If everything we do is based on fear, then what are we doing out of pure love? The answer is very little. If you pay attention to our relationships, our exchanges with strangers, the way we treat our bodies, everything stems from the fear of facing our true selves and deciding we don’t like what we see. Not the minute details society tells us we should pay attention to such as looks, intelligence, or money... but the true aspects of ourselves that are still there when all else has been stripped away.

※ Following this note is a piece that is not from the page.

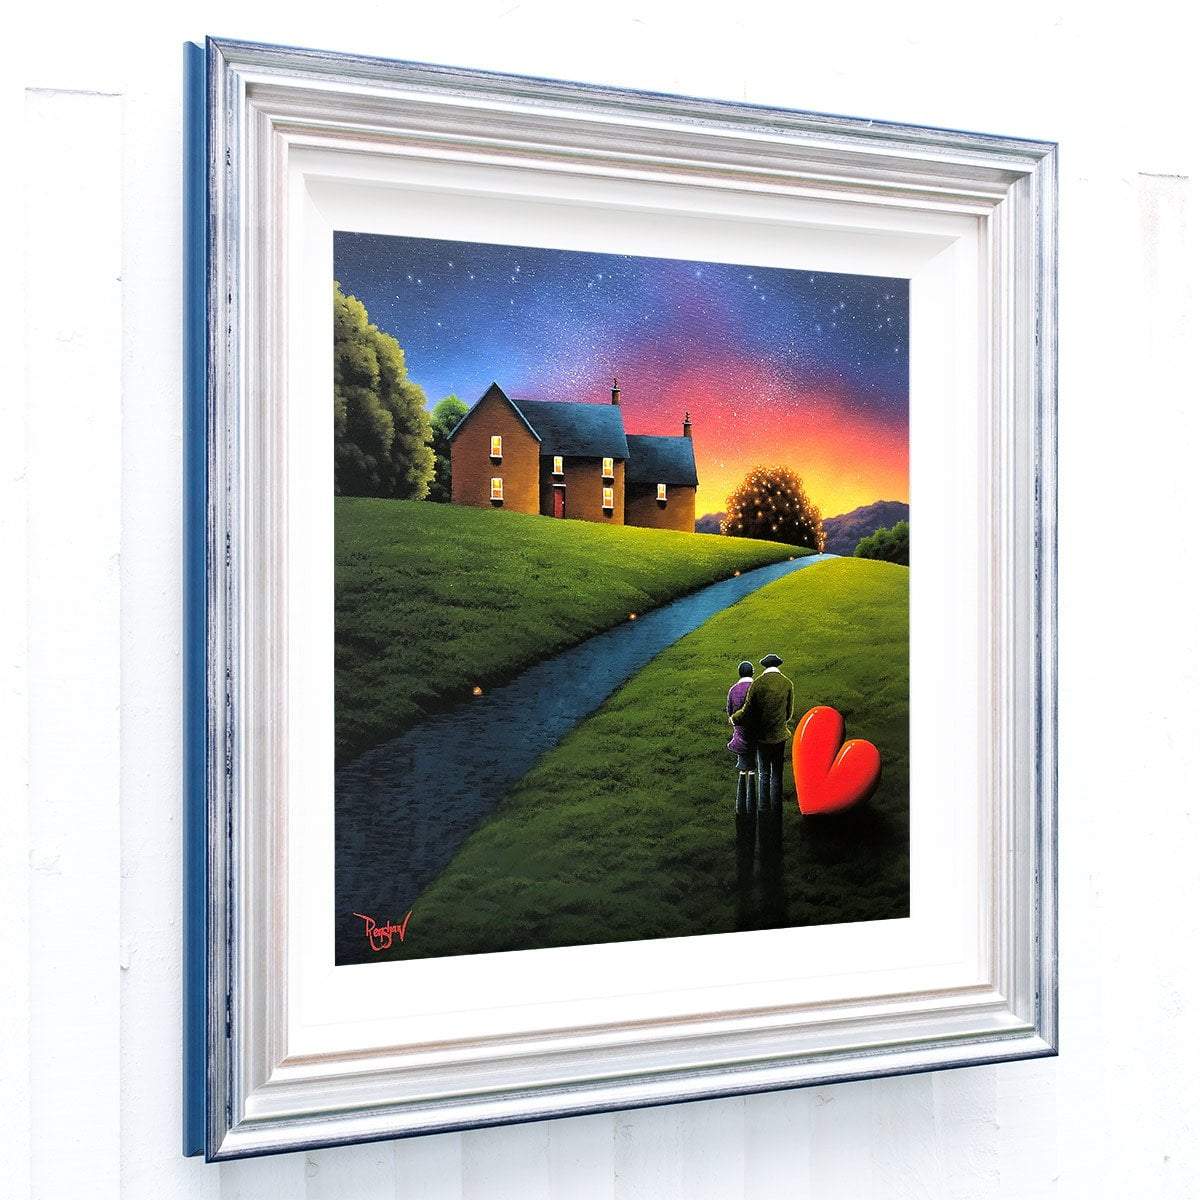 Besotted by You - Original David Renshaw Framed

This is so evident in our society, no matter the race, age group, political party, or religion. Everyone is fighting against their true nature in order to conform to a blueprint that has never once worked for the whole of humanity. Throughout history, fear has been embedded in us so deep, that we have now accepted it as “the way life is”. You may agree that this is, in fact, true and there’s no way to change it but I’ll have to call bullshit on that and say the statement is extremely fear based. Fear that there is no such thing as peace so there’s no reason to wish for it. Whenever I start feeling this way I look at my one-year-old son. Fear does not exist in his heart. He fearlessly navigates through life until fear is placed inside of him by either me or another adult. What this tells me is, most of our fears have been taught and learned. Some for good reason, others only make our lives less enjoyable.

 

My own fears have utterly dictated my life for the past few years. When I realized the majority of the decisions I was making was based on the fear of failure, fear of lack, fear of death, I knew my life was headed in the wrong direction. I wanted to make a change but I didn’t know how. I looked to psychology. I learned as much as I could about the brain and what was causing me to live in such constant anxiety. I looked to my loved ones, hoping that my answers were written in their history. I looked to religion. Scanning the written word for any traces of similarities between the people of that time and what I was dealing with now. All of my searches left me filling so unfulfilled, I started questioning if there was any answer at all. How did I know I wasn’t on a wild goose chase, after a solution that didn’t exist?

 

It wasn’t until I looked within did I find peace in my situation. After coming into the knowledge that our thoughts create our reality, I came to the conclusion that I had to change my thoughts. Easier said than done. I thought about how much negativity I was drawing into my life simply by resisting negativity. “The Universal Law of Resistance says that what you resist continues to appear in your experience until you learn to release what created the resistance in the first place.” My intuition had arisen from the dead and I couldn’t deny that this felt too true. Ever since I had this epiphany in 2017, I declared a war on fear. Everything that I once feared began to feel minute to the monster of fear itself. Why? The things that I was so afraid of were things that were beyond my control. Fear itself? Controllable. I shifted my focus. If I was actually attracting those things that I feared so terribly, what would happen if I stopped fearing them? The answer is ironically simple. I’m not saying that I have magically conquered fear and anxiety but what I can say is I have elevated beyond the point that they have control over my peace of mind. No longer will I let fearful thoughts dictate how I treat my loved ones, strangers, and even myself. I have declared this war on fear and I plan to come out victorious.